--- Recorded data ---
----------------

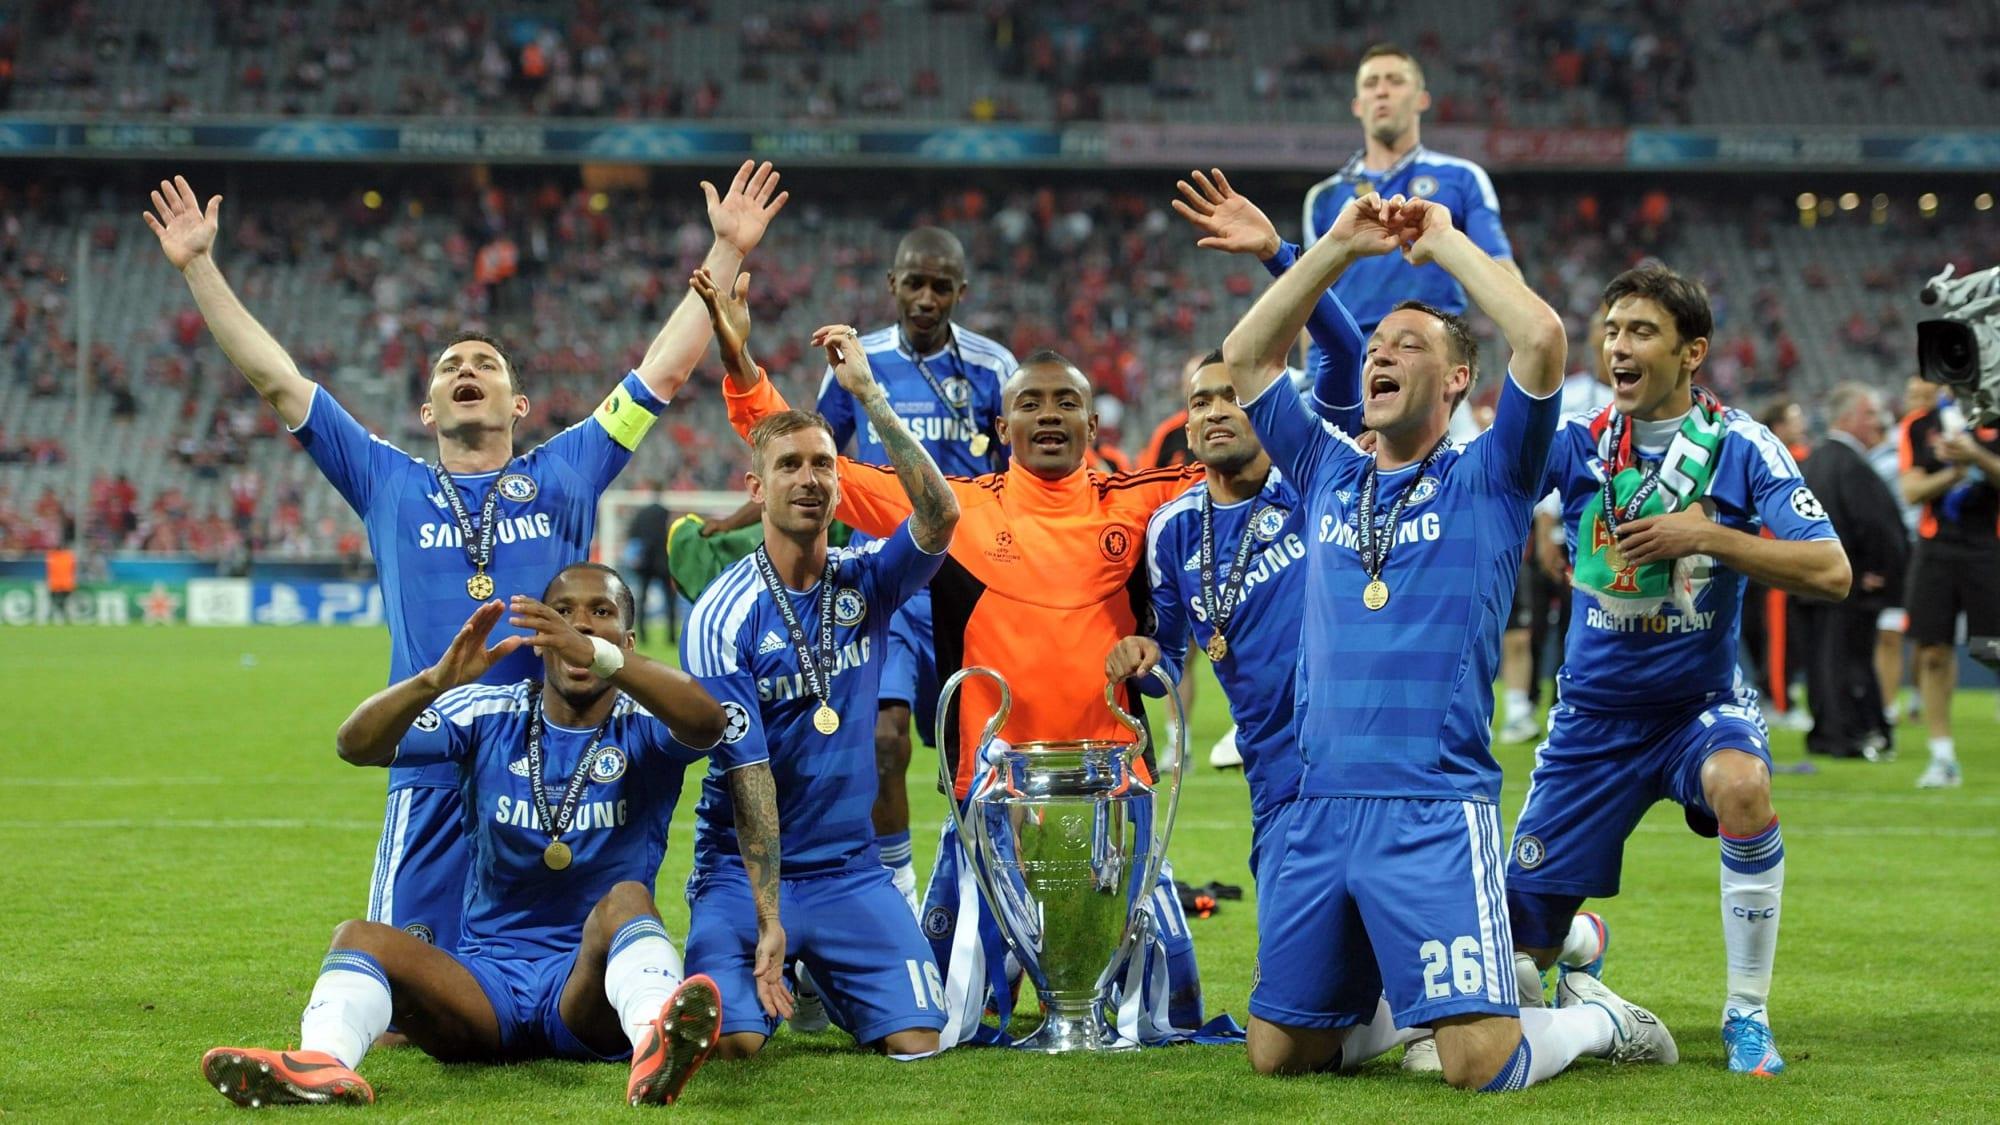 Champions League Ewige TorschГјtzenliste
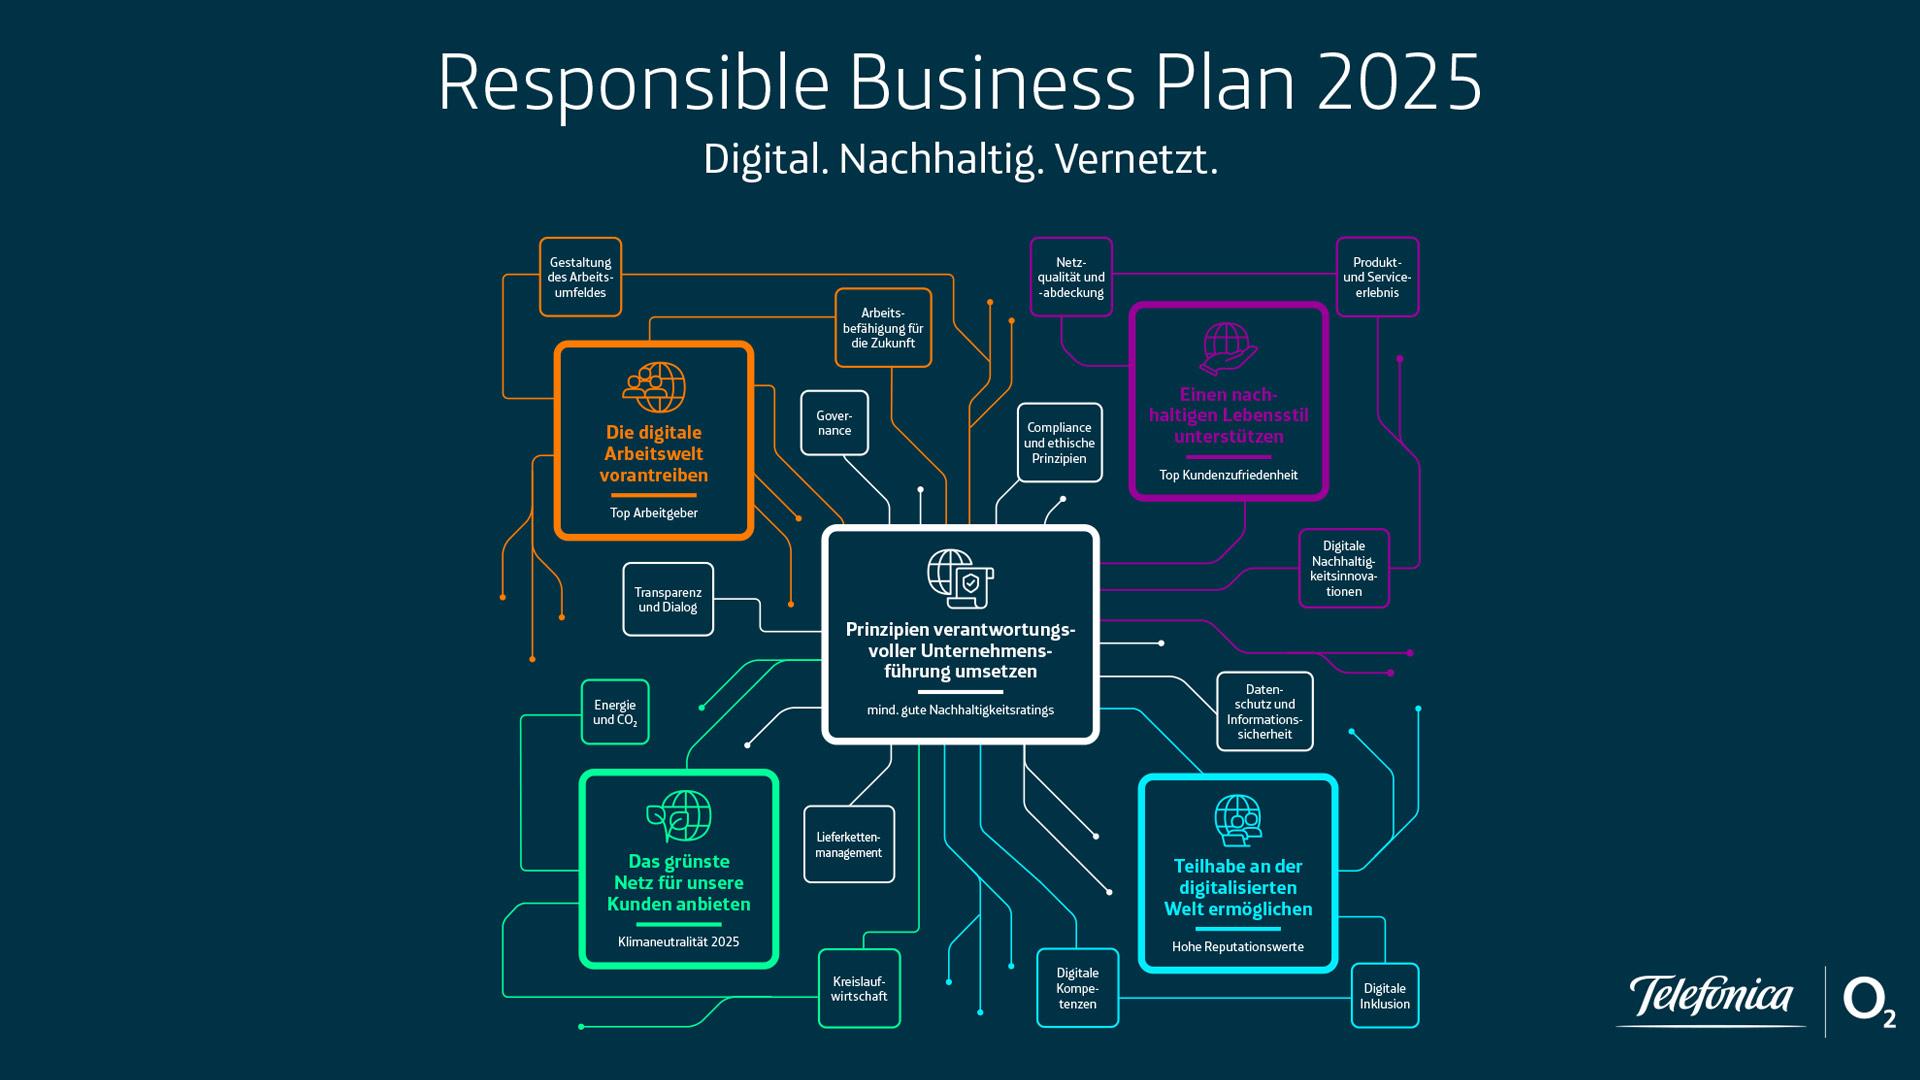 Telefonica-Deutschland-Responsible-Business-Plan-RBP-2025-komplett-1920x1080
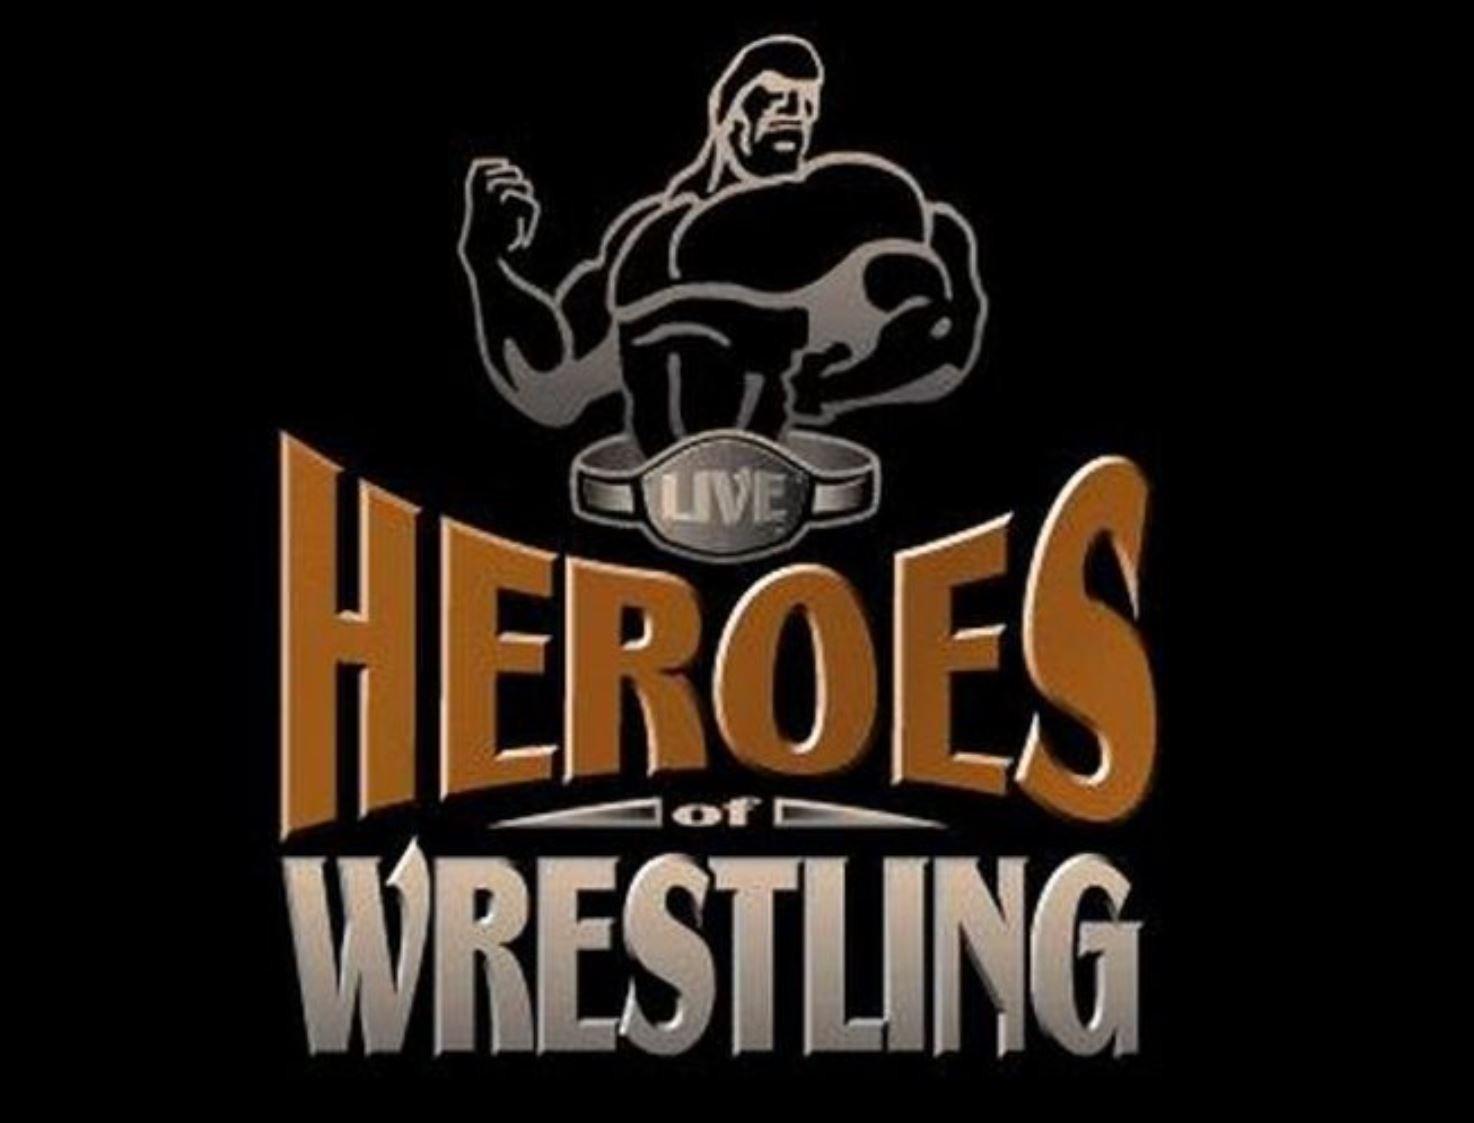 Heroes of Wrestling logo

----------------

--- Work order ---
Leave out the pictures and output the rest of the material exactly as written.

--- Worked solution ---
 Champions League Ewige TorschГјtzenliste
 Telefonica-Deutschland-Responsible-Business-Plan-RBP-2025-komplett-1920x1080
 Heroes of Wrestling logo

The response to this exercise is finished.